Simpler way to do a SUM with a fanout on a join - sql

Note: SQL backend does not matter, any mainstream relational DB is fine (postgres, mysql, oracle, sqlserver)
There is an interesting article on Looker that tells about the technique they use to provide correct totals when a JOIN results in a fanout, along the lines of:
# In other words, using a hash to remove any potential duplicates (assuming a Primary Key).
SUM(DISTINCT big_unique_number + total) - SUM(DISTINCT big_unique_number)
A good way to simulate the fanout it just doing something like this:
WITH Orders AS (
SELECT 10293 AS id, 2.5 AS rate UNION ALL
SELECT 210293 AS id, 3.5
),
Other AS (
SELECT 1 UNION ALL SELECT 2
)
SELECT SUM(rate) FROM Orders CROSS JOIN Other
-- Returns 12.0 instead of 6.0
Their example does something like this, which I think is just a long-form way of grabbing md5(PK) with all the fancy footwork to get around the 8-byte limitation (so they do a LEFT(...) then a RIGHT(...):
(COALESCE(CAST( ( SUM(DISTINCT (CAST(FLOOR(COALESCE(users.age ,0)
*(1000000*1.0)) AS DECIMAL(38,0))) +
CAST(STRTOL(LEFT(MD5(CONVERT(VARCHAR,users.id )),15),16) AS DECIMAL(38,0))
* 1.0e8 + CAST(STRTOL(RIGHT(MD5(CONVERT(VARCHAR,users.id )),15),16) AS DECIMAL(38,0)) )
- SUM(DISTINCT CAST(STRTOL(LEFT(MD5(CONVERT(VARCHAR,users.id )),15),16) AS DECIMAL(38,0))
* 1.0e8 + CAST(STRTOL(RIGHT(MD5(CONVERT(VARCHAR,users.id )),15),16) AS DECIMAL(38,0))) )
AS DOUBLE PRECISION)
/ CAST((1000000*1.0) AS DOUBLE PRECISION), 0)
Is there another general-purpose way to do this? Perhaps using a correlated subquery or something else? Or is the above way the best known way to do this?
Two related answers:
https://stackoverflow.com/a/14140884/651174
https://stackoverflow.com/a/3333574/651174
Without worrying about a general-purpose hashing function (for example, that may take strings), the following works:
WITH Orders AS (
SELECT 10293 AS id, 2.5 AS rate UNION ALL
SELECT 210293 AS id, 3.5
),
Other AS (
SELECT 1 UNION ALL SELECT 2
)
SELECT SUM(DISTINCT id + rate) - SUM(DISTINCT id) FROM Orders CROSS JOIN Other
-- 6.0
But this still begs the question: is there another / better way to do this in a very general-purpose manner?

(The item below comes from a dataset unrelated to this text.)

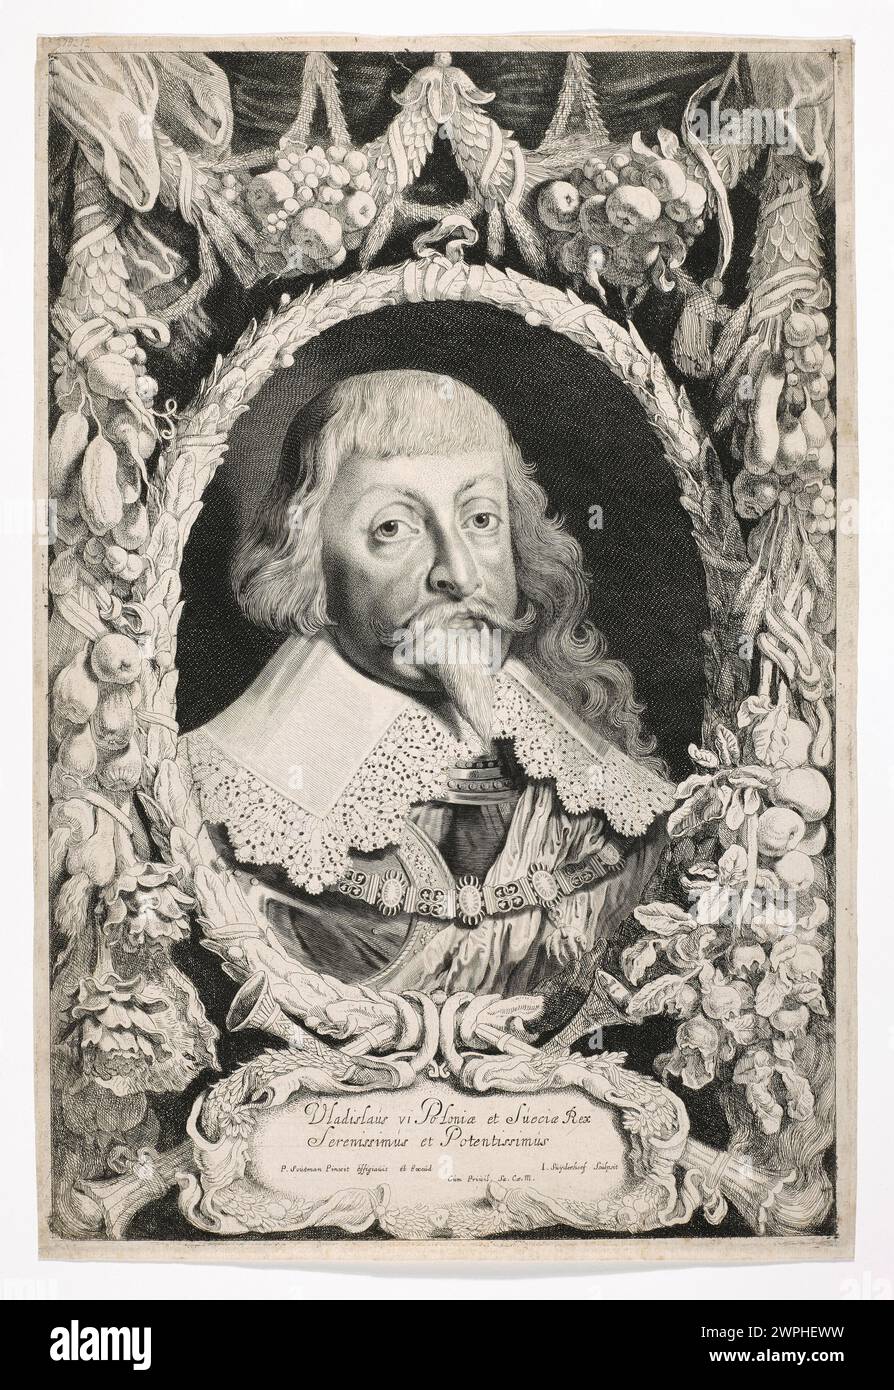 Portrait du vase IV ; Siderderhoef, Jonas (vers 1613-1686), Soutman, Pieter Claesz. (CA 1580-1657) ; 1644-1650 (1644-00-00-1650-00-00) ; ordre de la Runa d'Or, Smolikowski, Seweryn (1809-1897), Smolikowski, Seweryn (1850-1920) - collection, Władysław IV (Roi de Pologne - 1595-1648), Władysław IV (Roi de Pologne - 1595-1648) - iconographie, don ( Protency), Flamand (culture), Girland (ornement), Flamand Graphic, rois, décorations, Polonica, Pologne (culture), buste, portraits, portraits d'hommes, portraits de souverains Banque D'Images

A typical example for the joins mutilating the aggregation is this:
select
posts.id,
count(likes.id) as likes_total,
count(dislikes.id) as dislikes_total
from posts
left join likes on likes.post_id = posts.post_id
left join dislikes on dislikes.post_id = posts.post_id
group by posts.id;
where both counts result in the same number, because each gets multiplied by the other. With 2 likes and 3 dislikes, both counts are 6.
The simple solution is: Aggregate before joining. If you want to know the likes and dislikes counts per post, join the likes and dislikes counts to the posts.
select posts.id, l.likes_total, d.dislikes_total
from posts
left join
(
select post_id, count(*) as likes_total
from likes
group by post_id
) l on l.post_id = posts.post_id
left join
(
select post_id, count(*) as dislikes_total
from dislikes
group by post_id
) d on d.post_id = posts.post_id
group by posts.id;
Use COALESCE, if you want to see zeros instead of nulls.
Don't try to muddle through with tricks. Just aggregate, then join. You can of course replace the joins with lateral joins (which are correlated subqueries), if the DBMS supports them. Or for single aggregates as in the example even move the correlated subqueries to the select clause. That's mainly personal preference, but depending on the DBMS's optimizer one solution may be faster than the other. (Ideally the optimizer would come up with the same execution plan for all those queries of course.)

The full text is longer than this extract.